Она грустно вздохнула и опустила голову; онъ съ недоумѣніемъ пожалъ плечами и опять зашагалъ по комнатѣ
— Папа, — заговорила вдругъ Маруся и въ тонѣ ея послышалась отчаянная рѣшимость, — я не хочу, чтобы между нами было недоразумѣніе. Ну, да! недоразумѣніе… Ты, кажется, думаешь, что мы, пансіонерки, какъ во времена нашихъ бабушекъ, какія-то такія неземныя, наивныя созданія; что мы совсѣмъ ничего не знаемъ и не понимаемъ. Не безпокойся! отлично мы все знаемъ, отлично. У насъ такія есть… Это прежде какія-то невинности изъ пансіоновъ выходили, а мы, не безпокойся… мы такія… прожженныя…
Онъ остановился и быстро повернулся къ ней лицомъ.
— Что ты говоришь? что? — удивленно переспросилъ онъ.
— Да, насъ ужъ не удивишь, не безпокойся, — продолжала Маруся. — Ты не хочешь брать меня въ маскарадъ, потому что думаешь, что я еще ребенокъ. Хотѣла бы я, чтобы ты зналъ, какой я ребенокъ! хорошъ ребенокъ!

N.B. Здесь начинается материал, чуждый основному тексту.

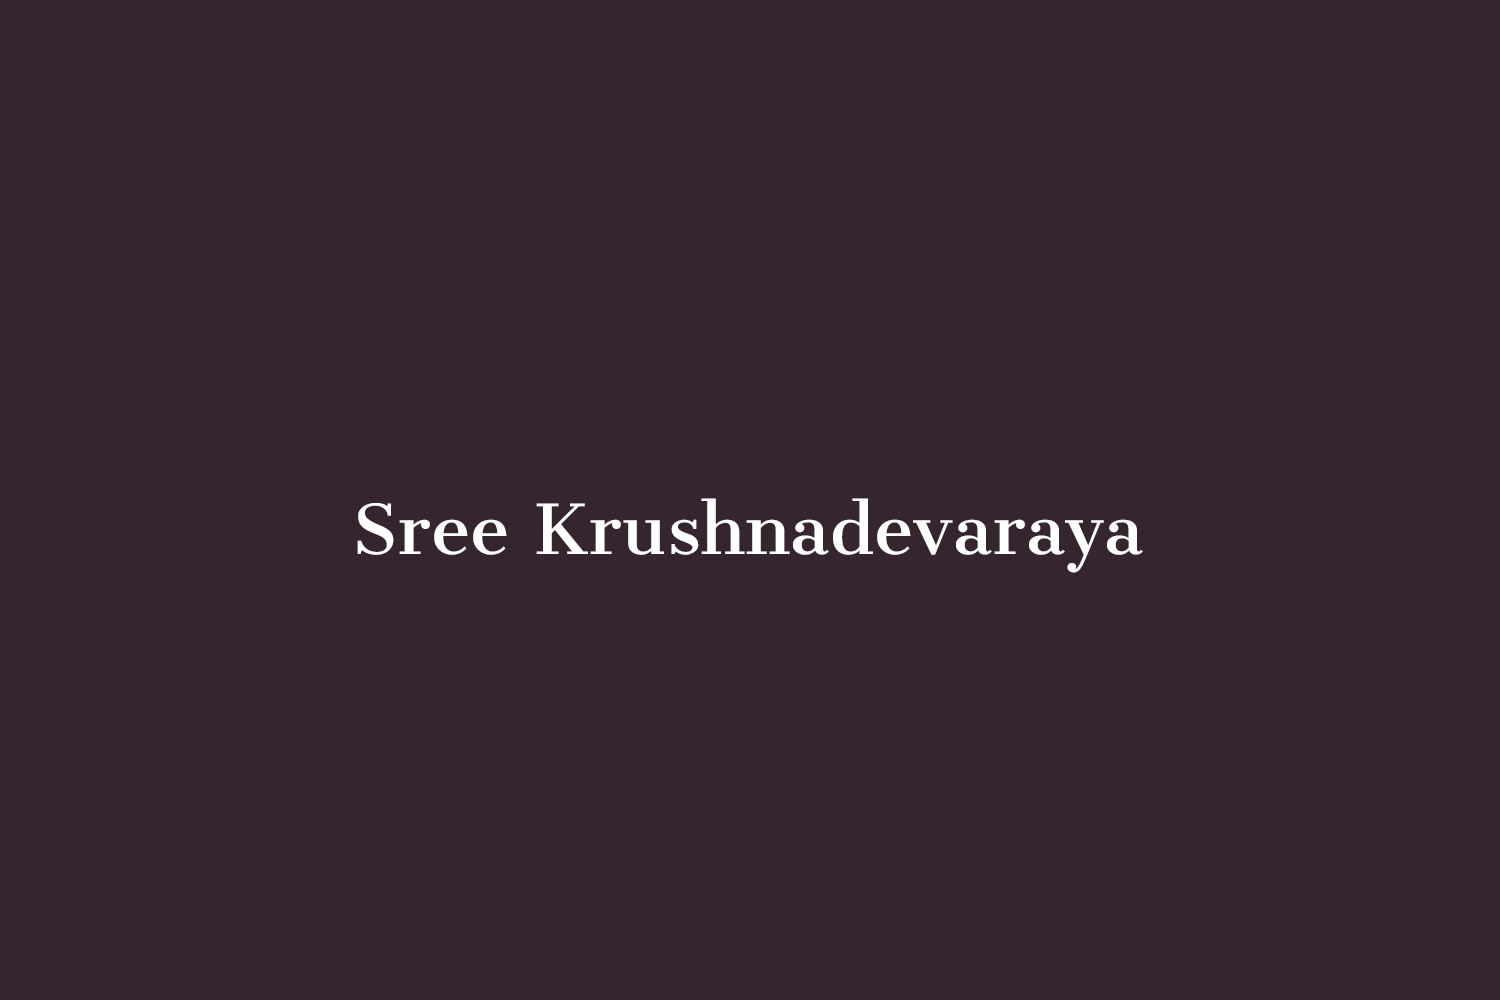 Sree Krushnadevaraya

Она сильно волновалась; хорошенькое личико ея оживилось, вапылало и въ глазахъ вспыхнулъ задорный, насмѣшливый огонекъ.
— Маруся! — съ напускнымъ ужасомъ окликнулъ ее отецъ, но она продолжала быстро, быстро:
— Вѣдь это одна только слава про пансіонерокъ, а на самомъ-то дѣлѣ это такой народъ!.. такой народъ! Ты думаешь, мы ничего не читаемъ? Все читаемъ, не безпокойся. Это ты тамъ отшельникъ какой-то, святоша, а то вѣдь мы мужчинъ тоже знаемъ: такіе!… И прекрасно. Мы очень одобрнемъ, сочувствуемъ… Ты думаешь, пансіонерки — такъ ужъ непремѣнно добродѣтель? Самъ ты пансіонерка, въ такомъ случаѣ!

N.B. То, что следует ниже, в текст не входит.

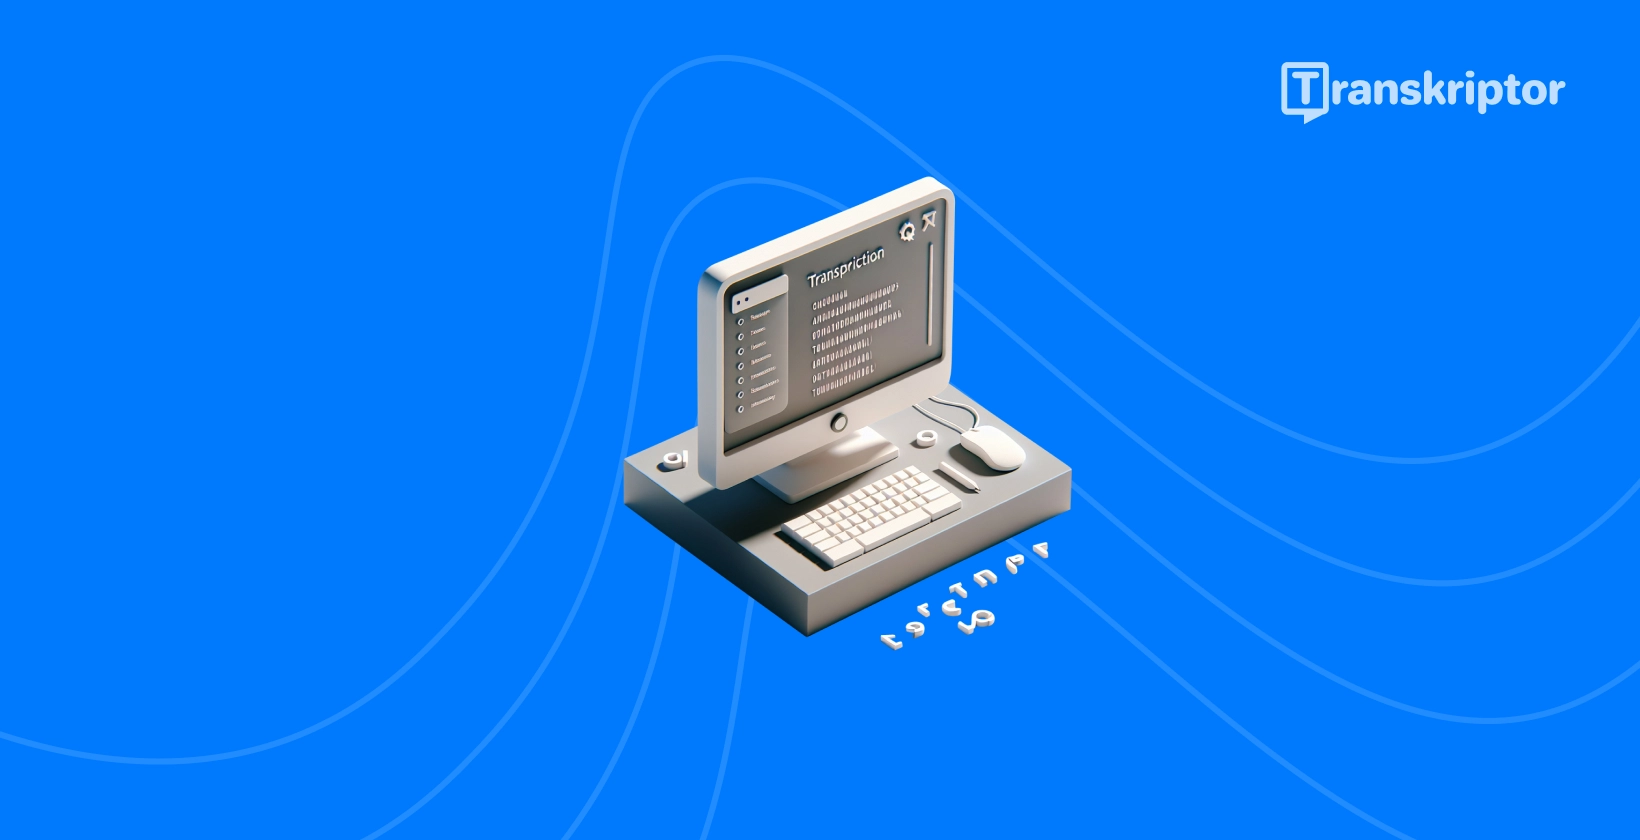 ऑडियो ट्रांसक्रिप्शन सॉफ्टवेयर का एक सरलीकृत चित्रण डेस्कटॉप पर MuseScore।

— Маруся! — все съ тѣмъ же ужасомъ въ голосѣ повторилъ онъ и не выдержалъ: онъ сталъ хохотать.
— Прожженная, прожженная!.. — захлебываясь отъ смѣxa, повторялъ онъ. — Охъ, пощади! уморила, Маруська!
Маруся растерялась. Глядя на отца, ей тоже захотѣлось смѣяться, но обидная мысль, что отецъ недостаточно серьезно отнесся къ ея словамъ и потѣшается надъ ней какъ надъ маленькой задѣла ее за живое: она сразу съежилась, губы ея обидчиво дрогнули, а въ глазахъ показались слезы.
— Ха, ха, ха! — заливался отецъ, — такъ одобряешь мужчинъ? одобряешь, Маруська?…
Она встала.
— Довольно! — вспыльчиво заявила она. — Я не дѣвчонка, чтобы надо мною хохотать. Не умно тоже…
— Ну, прости, не сердись, — попросилъ онъ, удерживаясь отъ смѣха и утирая глаза, — очень ужъ ты распотѣшила меня… уморила… Такъ одобряешь? да? — не удержался онъ отъ шутки и опять громко, весело засмѣялся.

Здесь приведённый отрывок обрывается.